### What is being asked
Print all the records exactly as they stand.

### Records shown
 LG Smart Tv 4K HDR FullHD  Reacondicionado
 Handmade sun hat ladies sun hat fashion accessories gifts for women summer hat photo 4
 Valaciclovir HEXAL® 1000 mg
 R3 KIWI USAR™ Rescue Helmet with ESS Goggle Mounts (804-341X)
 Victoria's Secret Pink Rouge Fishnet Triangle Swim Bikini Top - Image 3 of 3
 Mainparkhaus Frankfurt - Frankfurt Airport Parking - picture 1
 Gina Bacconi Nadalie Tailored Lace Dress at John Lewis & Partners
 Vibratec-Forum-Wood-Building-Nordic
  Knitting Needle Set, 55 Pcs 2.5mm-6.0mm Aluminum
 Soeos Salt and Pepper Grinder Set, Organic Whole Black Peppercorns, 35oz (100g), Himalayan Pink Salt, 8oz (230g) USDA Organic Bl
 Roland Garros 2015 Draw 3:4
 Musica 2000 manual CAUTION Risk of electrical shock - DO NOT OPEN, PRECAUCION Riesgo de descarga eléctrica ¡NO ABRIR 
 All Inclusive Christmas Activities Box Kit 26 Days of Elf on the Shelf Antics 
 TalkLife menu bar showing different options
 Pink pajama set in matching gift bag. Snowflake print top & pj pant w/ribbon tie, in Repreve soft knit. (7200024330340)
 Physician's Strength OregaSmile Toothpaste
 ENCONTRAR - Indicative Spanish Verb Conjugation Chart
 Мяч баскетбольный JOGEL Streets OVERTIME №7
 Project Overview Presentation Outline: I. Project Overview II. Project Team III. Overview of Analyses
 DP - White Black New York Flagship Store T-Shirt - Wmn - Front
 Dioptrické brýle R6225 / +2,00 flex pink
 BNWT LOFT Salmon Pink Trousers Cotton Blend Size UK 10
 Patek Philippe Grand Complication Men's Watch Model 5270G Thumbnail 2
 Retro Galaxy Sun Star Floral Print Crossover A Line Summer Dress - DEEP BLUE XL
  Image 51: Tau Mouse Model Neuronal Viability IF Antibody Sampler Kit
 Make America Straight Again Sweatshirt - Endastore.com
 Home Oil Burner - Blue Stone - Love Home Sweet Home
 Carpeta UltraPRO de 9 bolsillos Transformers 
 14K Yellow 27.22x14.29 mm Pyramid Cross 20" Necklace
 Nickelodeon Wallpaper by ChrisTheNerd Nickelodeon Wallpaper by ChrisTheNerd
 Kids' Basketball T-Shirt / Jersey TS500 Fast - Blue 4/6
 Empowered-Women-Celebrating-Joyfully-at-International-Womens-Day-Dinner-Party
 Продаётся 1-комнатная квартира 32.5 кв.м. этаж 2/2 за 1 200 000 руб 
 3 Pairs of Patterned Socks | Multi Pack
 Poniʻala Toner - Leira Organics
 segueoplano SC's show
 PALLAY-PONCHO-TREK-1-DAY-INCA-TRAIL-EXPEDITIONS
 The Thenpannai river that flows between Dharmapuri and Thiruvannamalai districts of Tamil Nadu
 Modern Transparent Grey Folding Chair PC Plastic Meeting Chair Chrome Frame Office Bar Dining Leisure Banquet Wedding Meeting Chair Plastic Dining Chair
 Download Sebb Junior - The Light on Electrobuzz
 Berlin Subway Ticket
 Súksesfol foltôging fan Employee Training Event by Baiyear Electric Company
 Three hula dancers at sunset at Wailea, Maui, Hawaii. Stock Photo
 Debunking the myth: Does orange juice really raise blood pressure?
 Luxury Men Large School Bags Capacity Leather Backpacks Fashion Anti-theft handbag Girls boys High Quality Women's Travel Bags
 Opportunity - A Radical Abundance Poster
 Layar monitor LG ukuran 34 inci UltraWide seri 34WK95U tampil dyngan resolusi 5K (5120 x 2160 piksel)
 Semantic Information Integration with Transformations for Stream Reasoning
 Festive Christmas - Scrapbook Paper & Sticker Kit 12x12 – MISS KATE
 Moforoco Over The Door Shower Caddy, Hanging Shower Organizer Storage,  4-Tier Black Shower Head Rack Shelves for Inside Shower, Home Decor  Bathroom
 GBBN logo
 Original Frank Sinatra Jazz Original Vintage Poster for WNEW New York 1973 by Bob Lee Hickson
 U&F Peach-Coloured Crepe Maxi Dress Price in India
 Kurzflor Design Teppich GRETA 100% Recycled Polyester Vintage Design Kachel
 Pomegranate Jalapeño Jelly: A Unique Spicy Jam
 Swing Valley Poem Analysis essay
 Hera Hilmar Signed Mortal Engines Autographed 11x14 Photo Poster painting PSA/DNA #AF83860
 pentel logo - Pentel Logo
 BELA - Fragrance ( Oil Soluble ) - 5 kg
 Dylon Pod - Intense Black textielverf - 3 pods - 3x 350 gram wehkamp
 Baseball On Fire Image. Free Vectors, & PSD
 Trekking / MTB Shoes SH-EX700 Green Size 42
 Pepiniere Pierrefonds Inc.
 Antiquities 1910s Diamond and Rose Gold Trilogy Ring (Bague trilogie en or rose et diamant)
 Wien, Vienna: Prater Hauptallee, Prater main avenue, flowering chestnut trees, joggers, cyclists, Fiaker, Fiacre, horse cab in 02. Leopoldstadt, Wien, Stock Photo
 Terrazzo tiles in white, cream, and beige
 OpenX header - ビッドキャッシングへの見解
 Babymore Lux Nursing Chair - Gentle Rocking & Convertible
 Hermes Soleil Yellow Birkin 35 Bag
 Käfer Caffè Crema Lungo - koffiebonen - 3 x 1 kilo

### The completed task
 LG Smart Tv 4K HDR FullHD  Reacondicionado
 Handmade sun hat ladies sun hat fashion accessories gifts for women summer hat photo 4
 Valaciclovir HEXAL® 1000 mg
 R3 KIWI USAR™ Rescue Helmet with ESS Goggle Mounts (804-341X)
 Victoria's Secret Pink Rouge Fishnet Triangle Swim Bikini Top - Image 3 of 3
 Mainparkhaus Frankfurt - Frankfurt Airport Parking - picture 1
 Gina Bacconi Nadalie Tailored Lace Dress at John Lewis & Partners
 Vibratec-Forum-Wood-Building-Nordic
  Knitting Needle Set, 55 Pcs 2.5mm-6.0mm Aluminum
 Soeos Salt and Pepper Grinder Set, Organic Whole Black Peppercorns, 35oz (100g), Himalayan Pink Salt, 8oz (230g) USDA Organic Bl
 Roland Garros 2015 Draw 3:4
 Musica 2000 manual CAUTION Risk of electrical shock - DO NOT OPEN, PRECAUCION Riesgo de descarga eléctrica ¡NO ABRIR 
 All Inclusive Christmas Activities Box Kit 26 Days of Elf on the Shelf Antics 
 TalkLife menu bar showing different options
 Pink pajama set in matching gift bag. Snowflake print top & pj pant w/ribbon tie, in Repreve soft knit. (7200024330340)
 Physician's Strength OregaSmile Toothpaste
 ENCONTRAR - Indicative Spanish Verb Conjugation Chart
 Мяч баскетбольный JOGEL Streets OVERTIME №7
 Project Overview Presentation Outline: I. Project Overview II. Project Team III. Overview of Analyses
 DP - White Black New York Flagship Store T-Shirt - Wmn - Front
 Dioptrické brýle R6225 / +2,00 flex pink
 BNWT LOFT Salmon Pink Trousers Cotton Blend Size UK 10
 Patek Philippe Grand Complication Men's Watch Model 5270G Thumbnail 2
 Retro Galaxy Sun Star Floral Print Crossover A Line Summer Dress - DEEP BLUE XL
  Image 51: Tau Mouse Model Neuronal Viability IF Antibody Sampler Kit
 Make America Straight Again Sweatshirt - Endastore.com
 Home Oil Burner - Blue Stone - Love Home Sweet Home
 Carpeta UltraPRO de 9 bolsillos Transformers 
 14K Yellow 27.22x14.29 mm Pyramid Cross 20" Necklace
 Nickelodeon Wallpaper by ChrisTheNerd Nickelodeon Wallpaper by ChrisTheNerd
 Kids' Basketball T-Shirt / Jersey TS500 Fast - Blue 4/6
 Empowered-Women-Celebrating-Joyfully-at-International-Womens-Day-Dinner-Party
 Продаётся 1-комнатная квартира 32.5 кв.м. этаж 2/2 за 1 200 000 руб 
 3 Pairs of Patterned Socks | Multi Pack
 Poniʻala Toner - Leira Organics
 segueoplano SC's show
 PALLAY-PONCHO-TREK-1-DAY-INCA-TRAIL-EXPEDITIONS
 The Thenpannai river that flows between Dharmapuri and Thiruvannamalai districts of Tamil Nadu
 Modern Transparent Grey Folding Chair PC Plastic Meeting Chair Chrome Frame Office Bar Dining Leisure Banquet Wedding Meeting Chair Plastic Dining Chair
 Download Sebb Junior - The Light on Electrobuzz
 Berlin Subway Ticket
 Súksesfol foltôging fan Employee Training Event by Baiyear Electric Company
 Three hula dancers at sunset at Wailea, Maui, Hawaii. Stock Photo
 Debunking the myth: Does orange juice really raise blood pressure?
 Luxury Men Large School Bags Capacity Leather Backpacks Fashion Anti-theft handbag Girls boys High Quality Women's Travel Bags
 Opportunity - A Radical Abundance Poster
 Layar monitor LG ukuran 34 inci UltraWide seri 34WK95U tampil dyngan resolusi 5K (5120 x 2160 piksel)
 Semantic Information Integration with Transformations for Stream Reasoning
 Festive Christmas - Scrapbook Paper & Sticker Kit 12x12 – MISS KATE
 Moforoco Over The Door Shower Caddy, Hanging Shower Organizer Storage,  4-Tier Black Shower Head Rack Shelves for Inside Shower, Home Decor  Bathroom
 GBBN logo
 Original Frank Sinatra Jazz Original Vintage Poster for WNEW New York 1973 by Bob Lee Hickson
 U&F Peach-Coloured Crepe Maxi Dress Price in India
 Kurzflor Design Teppich GRETA 100% Recycled Polyester Vintage Design Kachel
 Pomegranate Jalapeño Jelly: A Unique Spicy Jam
 Swing Valley Poem Analysis essay
 Hera Hilmar Signed Mortal Engines Autographed 11x14 Photo Poster painting PSA/DNA #AF83860
 pentel logo - Pentel Logo
 BELA - Fragrance ( Oil Soluble ) - 5 kg
 Dylon Pod - Intense Black textielverf - 3 pods - 3x 350 gram wehkamp
 Baseball On Fire Image. Free Vectors, & PSD
 Trekking / MTB Shoes SH-EX700 Green Size 42
 Pepiniere Pierrefonds Inc.
 Antiquities 1910s Diamond and Rose Gold Trilogy Ring (Bague trilogie en or rose et diamant)
 Wien, Vienna: Prater Hauptallee, Prater main avenue, flowering chestnut trees, joggers, cyclists, Fiaker, Fiacre, horse cab in 02. Leopoldstadt, Wien, Stock Photo
 Terrazzo tiles in white, cream, and beige
 OpenX header - ビッドキャッシングへの見解
 Babymore Lux Nursing Chair - Gentle Rocking & Convertible
 Hermes Soleil Yellow Birkin 35 Bag
 Käfer Caffè Crema Lungo - koffiebonen - 3 x 1 kilo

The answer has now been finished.